Gene expression of ligamentocytes in a Flexcell culture with 10% and 21% strain and with IL-1β or TGF-β treatment. Ligamentocytes were trained for 48 h in a flexcell system with (A) IL-1β (1 ng/mL) (B) and with TGF-β (1 ng/mL) treatment. Different amounts of strain were applied to the cells (10%, 21%) and gene expression of COL1A1, COL3A1, MMP1, IL6 and PIEZO1 was analyzed with qPCR. The data is expressed as fold change to the mean of the untreated static control. n = 8 biological replicates. Significance was determined with a one-way ANOVA with Dunnett’s multiple comparisons test. (*P < 0.05, **P < 0.01, ***P < 0.001, ****P < 0.0001).

FIGURE 7

Gene expression of ligamentocytes in a Flexcell culture with 10% and 21% strain and IL-1β and TGF-β3 treatment. Ligamentocytes were trained and treated together with TGF-β (1 ng/mL) and IL-1β (1 ng/mL) for 48 h in a flexcell system.

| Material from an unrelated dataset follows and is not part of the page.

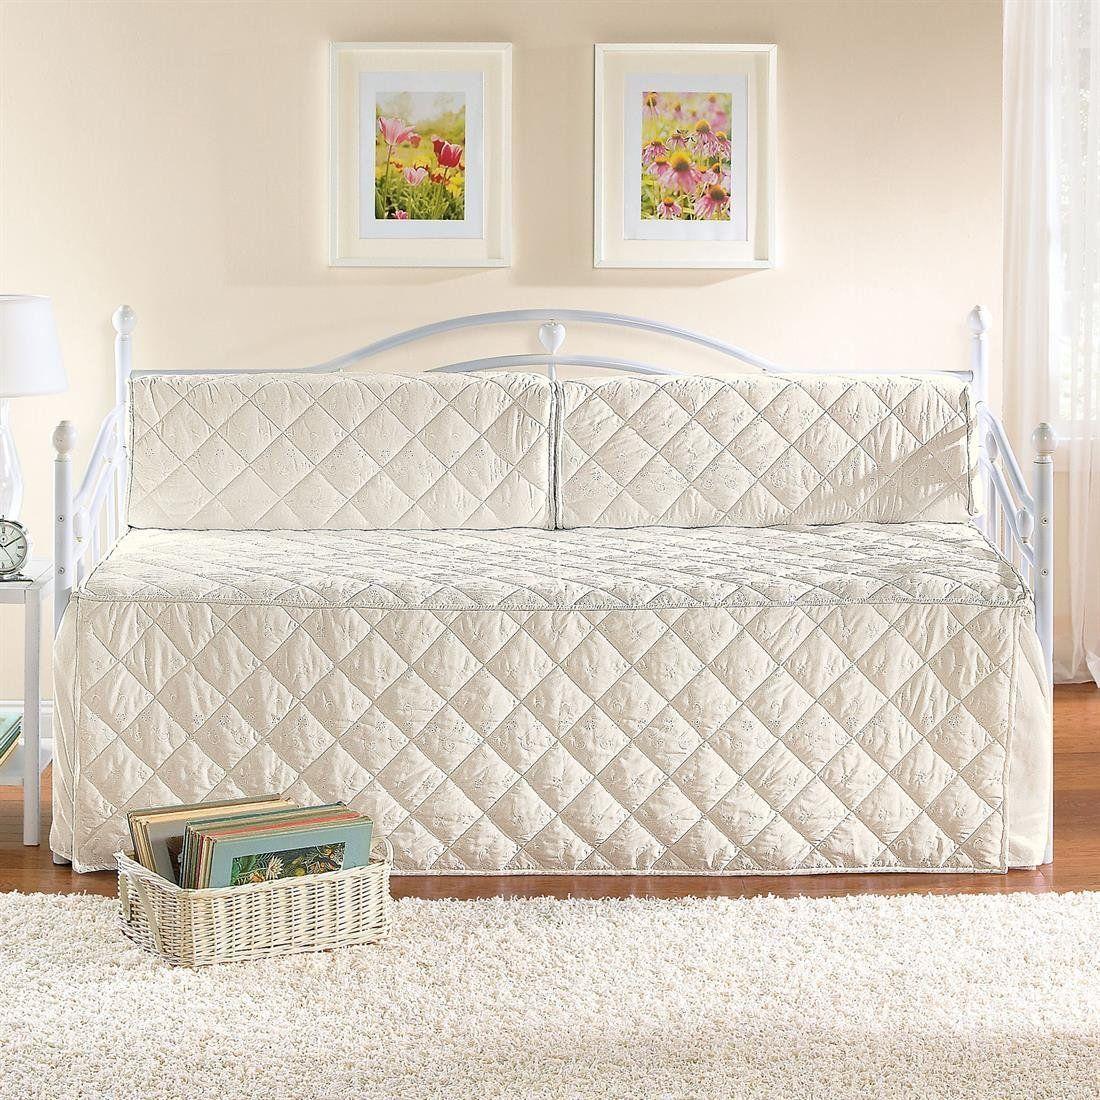 White Eyelet Daybed Set Daybed Bedding Sets Daybed Bedding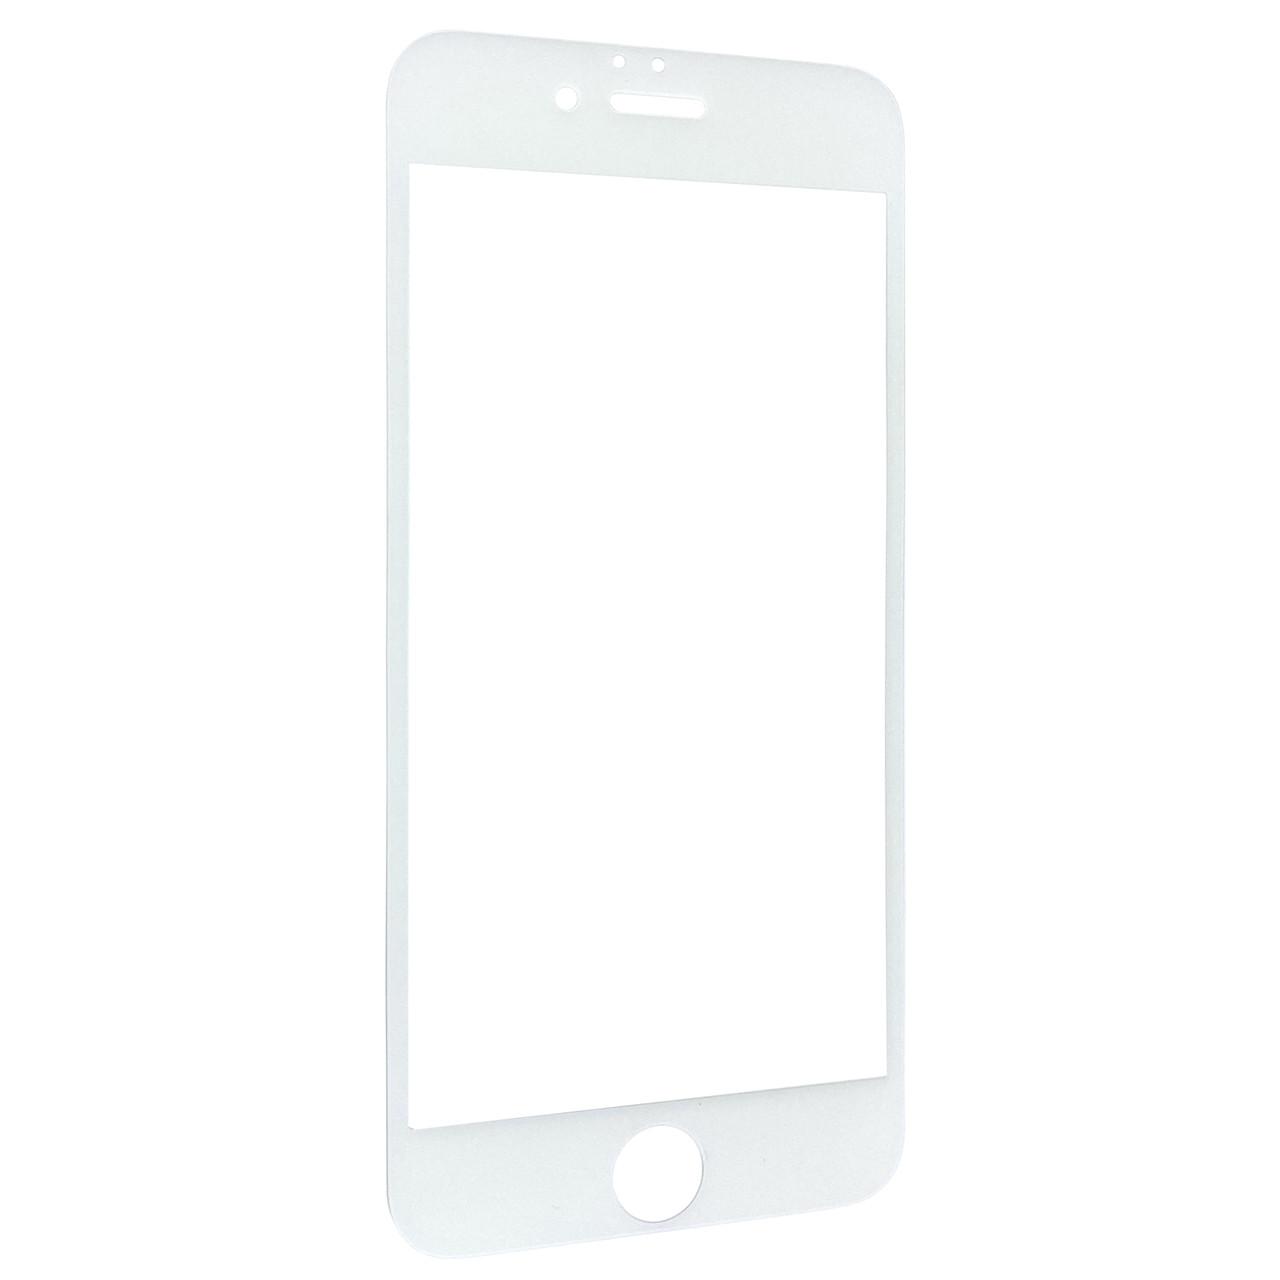 Защитное стекло  весь экран matt 2D for Apple iPhone 6/6S front (white)

Different amounts of strain were applied to the cells (10%, 21%) and gene expression of COL1A1, COL3A1, MMP1, IL6 and PIEZO1 was analyzed with qPCR. The data is expressed as fold change to the mean of the untreated static control. n = 8 biological replicates. Significance was determined with a one-way ANOVA with Dunnett’s multiple comparisons test. (*P < 0.05, **P < 0.01, ***P < 0.001, ****P < 0.0001).